Мы с лейтенантом пошли в здание райкома партии, пройдя насквозь толпу на окраине города, отмахиваясь от вопросов. Местные строили баррикаду на выезде в сторону Грузии, и, как впоследствии я понял, в направлении села Дирби, куда на юг шла прямая дорога. В здании райкома можно было поспать. В кабинете первого секретаря я составил несколько стульев в виде дивана, положил рядом пистолет и на несколько часов заснул. Это неправда, что надо класть пистолет под подушку – ты не успеешь его оттуда достать, поскольку подушку могут прижать. Потому пистолет надо держать рядом – на тумбочке, или что есть вместо нее, чтобы рука могла быстро схватить оружие, но не с той стороны, где его могут прижать, пока ты спишь, то есть, как правило, слева. Бог его знает, сколько людей прокололось на ерунде, которую подсмотрели в голливудских фильмах.

И когда я проснулся и вышел на просторную площадь перед зданием знаурского райкома, то утро было, блин, теплое и светлое, как теперь принято говорить в рекламных роликах, в том числе и в рекламе минеральной воды. Я только что приехал из Москвы, в которой были минусовая температура и тёща. Я просидел почти неделю во Владикавказе, в котором шел снег, и надо было ежедневно общаться с сотрудниками Северо-Осетинского рескома партии, чтобы они не загрустили от безделья. Я проехал всю стратегически важную и единственную дорогу сразу после того, как на нее сошли лавины, как обычно это бывает в этих краях весной, и наш ПАЗик проходил через только что очищенный тракт в груде снега, которая была выше его крыши в прямом смысле слова. Я летел на вертолете над полностью заснеженной долиной реки Лиахвы, где в грузинских селах валялись сожженные БТРы внутренних войск МВД СССР, а сверху можно было видеть, как разбегаются от них люди, вынося пока неразорвавшийся боезапас. И тут я вдруг оказался в другом климатическом поясе – один, и пока еще даже не зная, что такое настоящее одиночество. Ведь необязательно искать одиночество, чтобы его найти.

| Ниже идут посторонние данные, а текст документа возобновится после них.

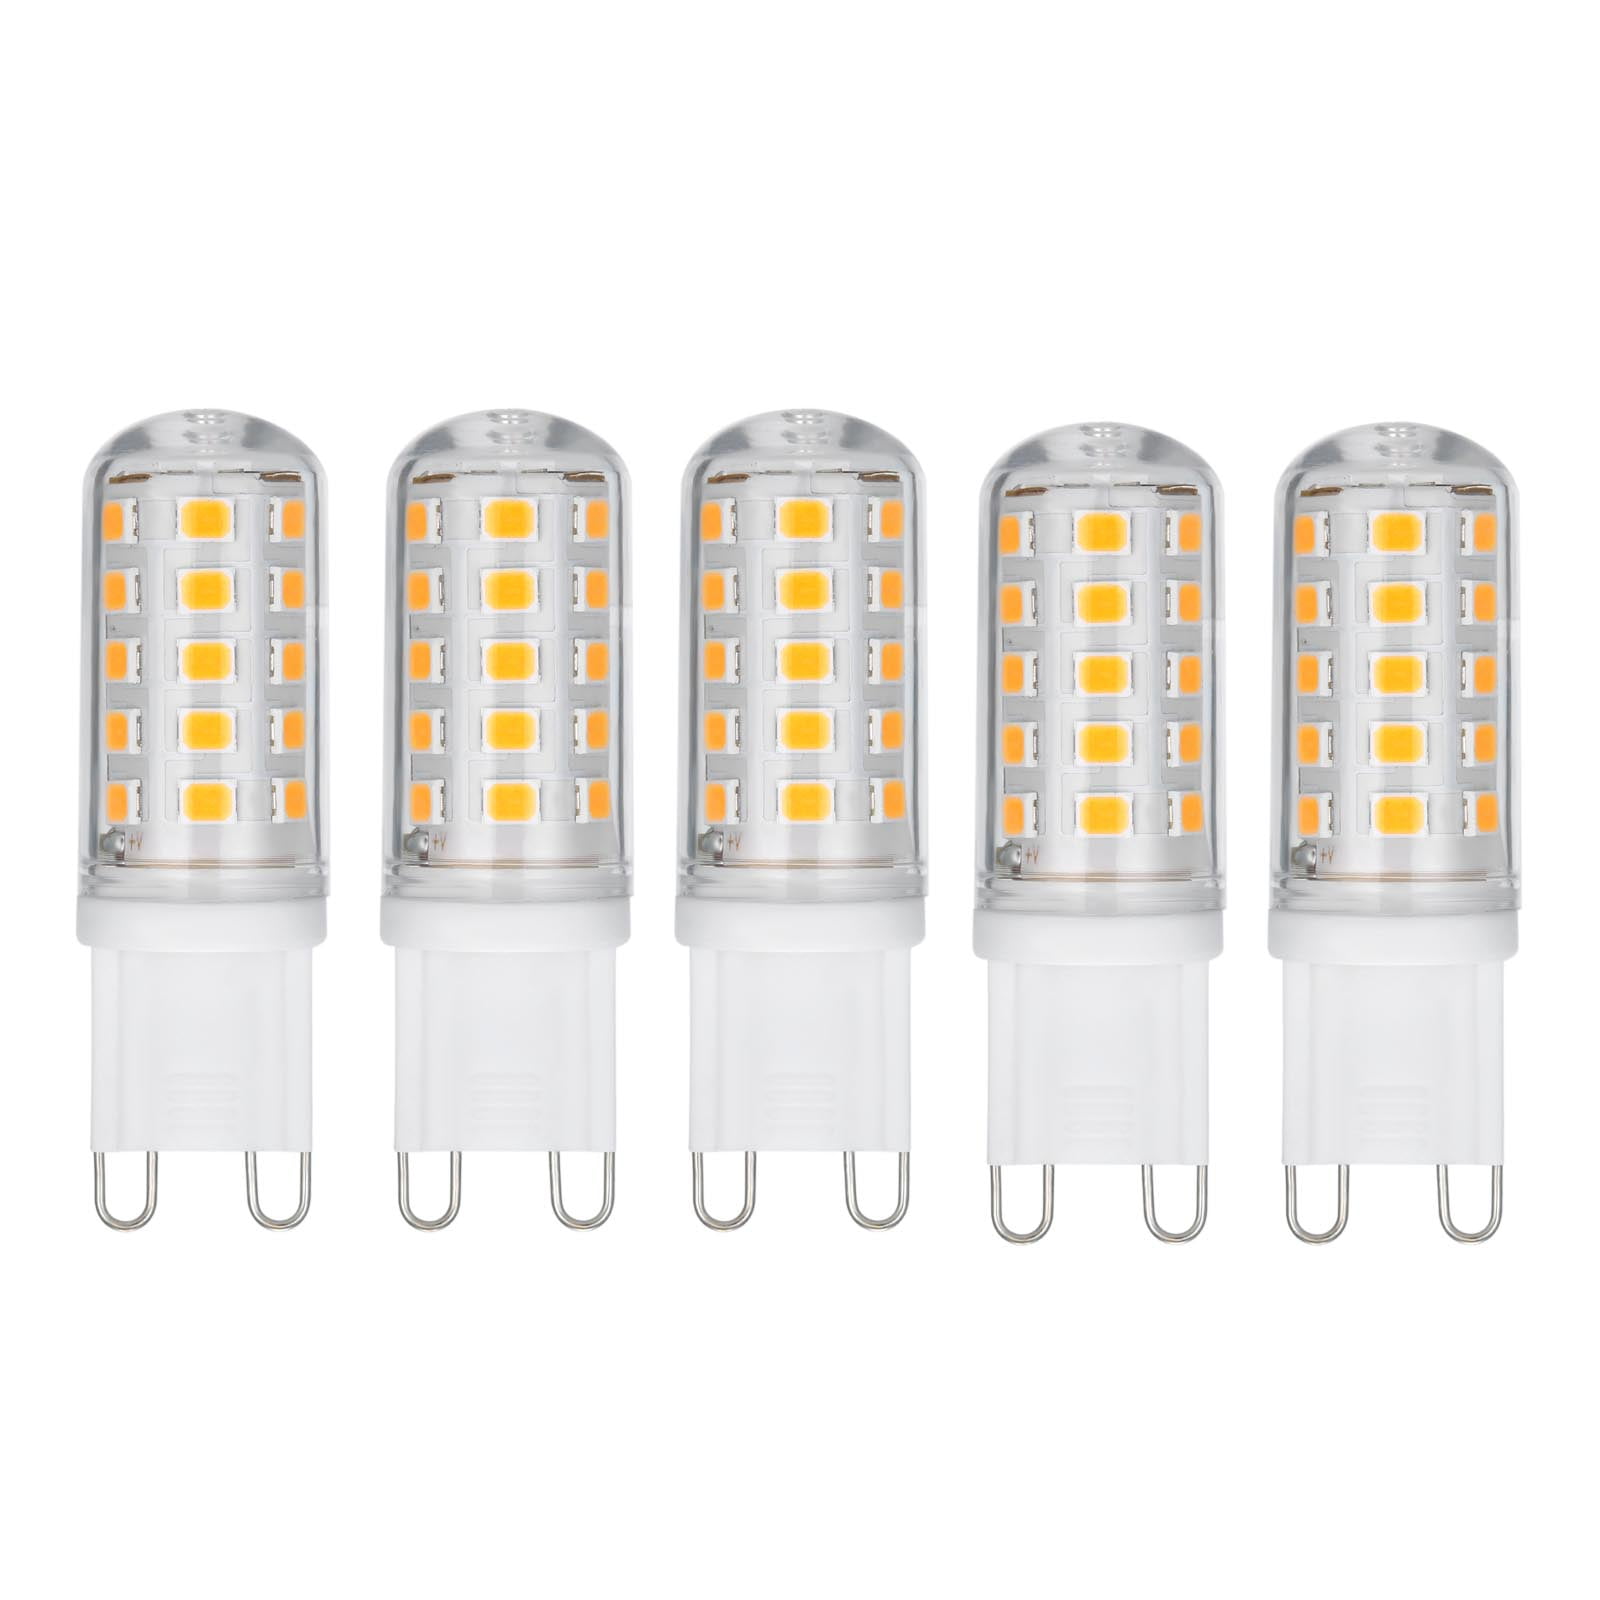 HUBINGRONG G9 Led Lamp Bulb G9 Led Corn Light Bulb G9 Corn Lamp G9 Led 8W COB Chandelier Lighting 200-240V 5-Pack Color : Cool Whtie

Но в то мгновение вокруг меня было очень тепло, светило яркое солнце и не было ни одной живой души. И прямо передо мной из земли били два источника минеральной воды. А я уже забыл, когда я толком спал, если не считать последние несколько часов на стульях в знаурском райкоме. Когда толком ел, если забыть о Владикавказе с его партийными работниками, который к этому времени стал казаться наркотическим туманом, и когда я толком пил, если забыть о знакомстве с руководством партии «Адæмон Ныхас».

И если бы не помнил, где и зачем я нахожусь, то, наверное, поверил бы в Бога.

Я подошел к источникам и стал пить эту воду – впоследствии я делал это неоднократно в разных районах этой страны, но тогда это было для меня впервые. Это как первое причастие или, если кому так понятнее, бар-мицва. Эта штука бьет непосредственно из земли, не проходит фильтрацию, и ее не разливают в бутылки. Это настоящая вода. Сок земли. Последняя ее суть. Бæгъиатæ.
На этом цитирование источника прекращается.